EXERCISE DETAILS:
Transcribe the entries below exactly, starting with the line that has "Fudco Green Raisins 600g" and stopping after the line that has "MONSTA X Gehen Auf Welt-Tournee: Am 13"; no pictures belong in the copy.

SOURCE DATA:
******
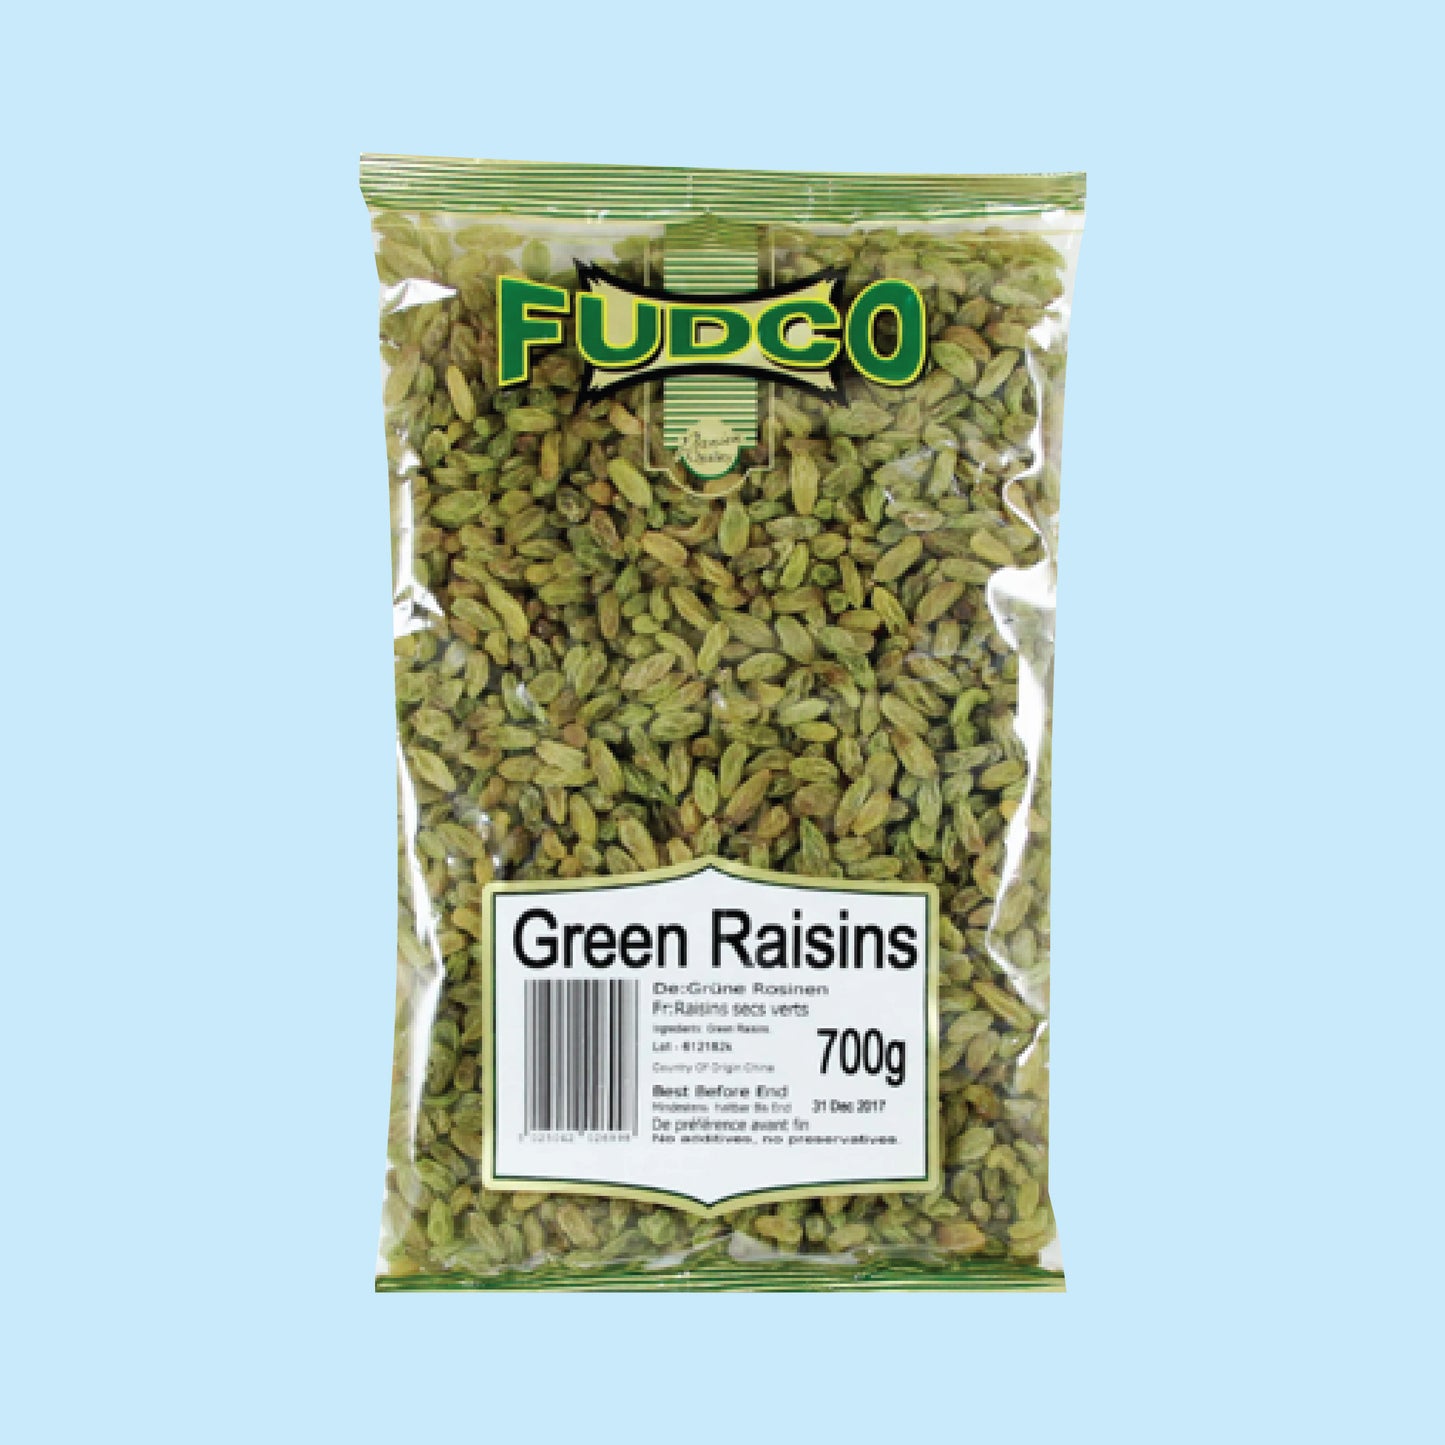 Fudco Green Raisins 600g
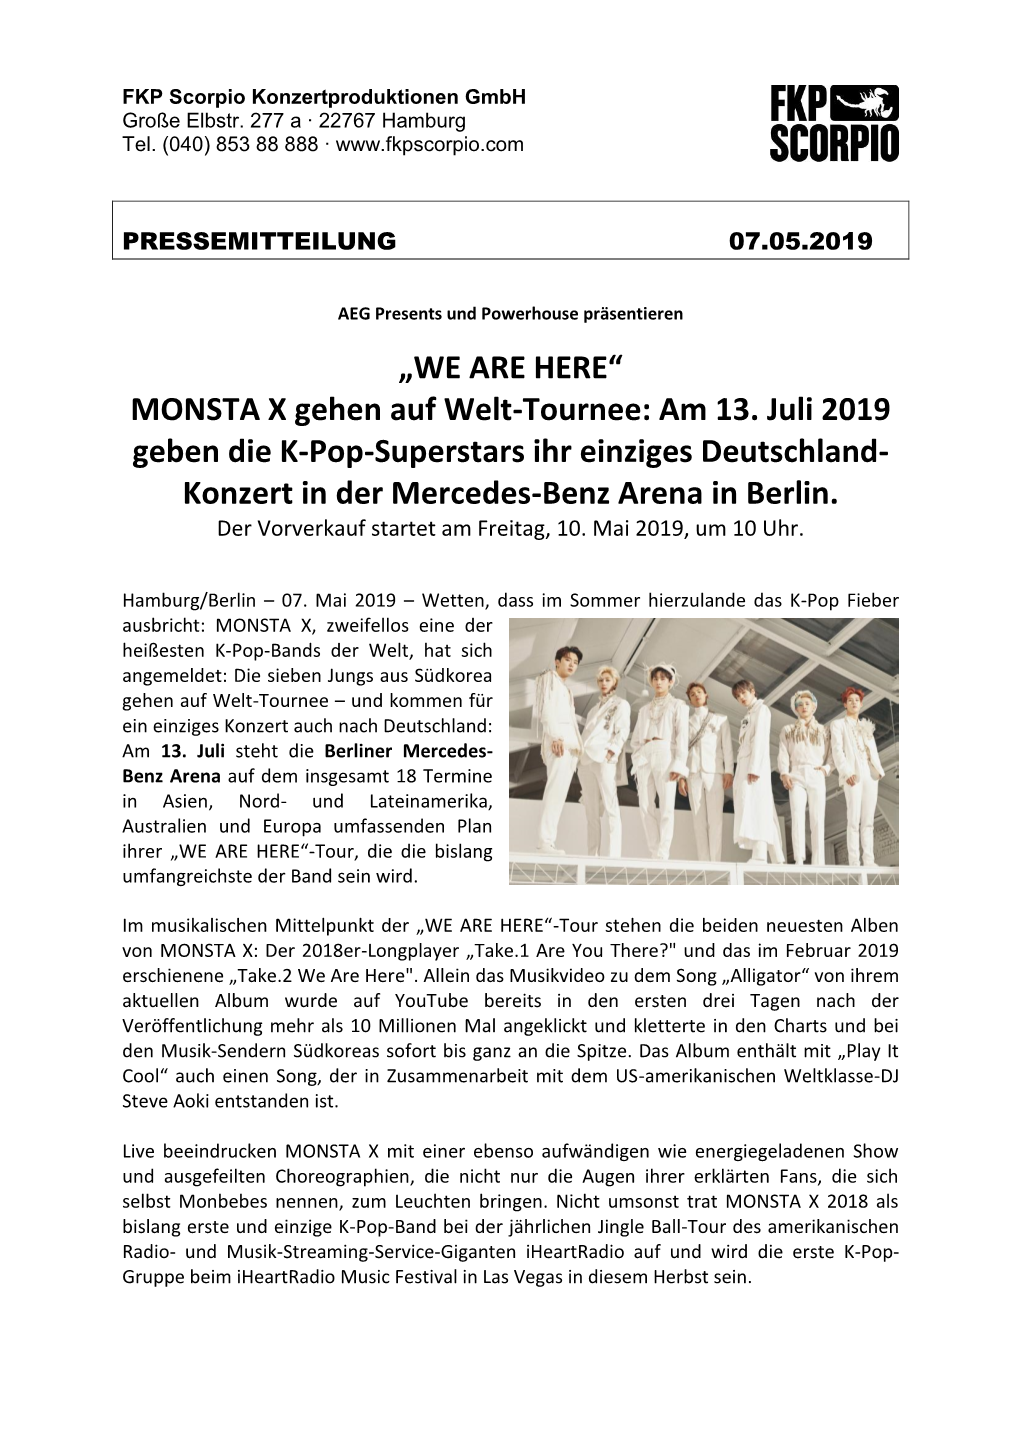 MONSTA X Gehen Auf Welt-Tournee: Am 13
******
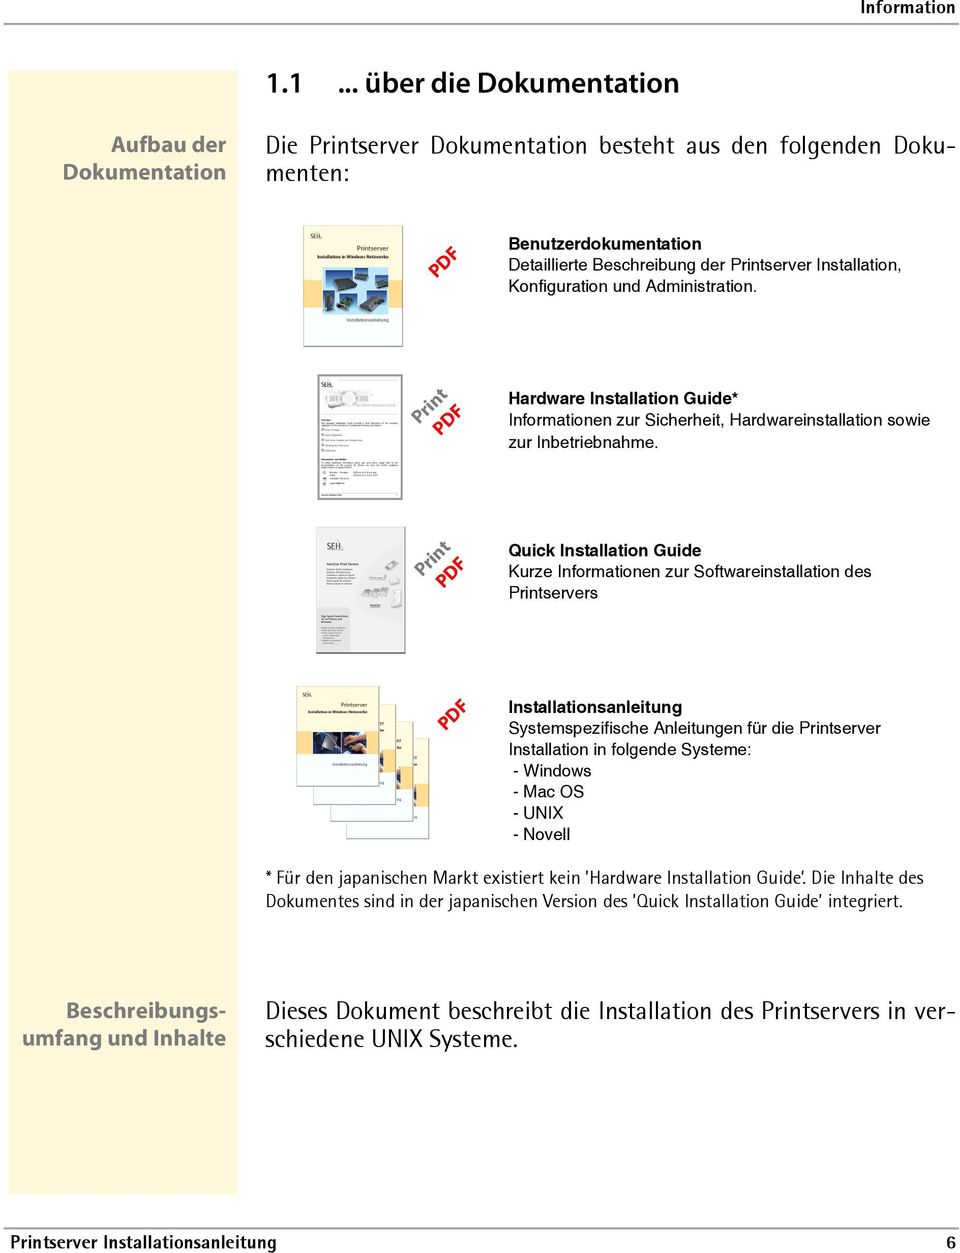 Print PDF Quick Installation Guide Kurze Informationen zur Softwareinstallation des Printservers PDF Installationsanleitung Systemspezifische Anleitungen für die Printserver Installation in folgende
******
ANSWER FOR THIS EXERCISE:
 Fudco Green Raisins 600g
 MONSTA X Gehen Auf Welt-Tournee: Am 13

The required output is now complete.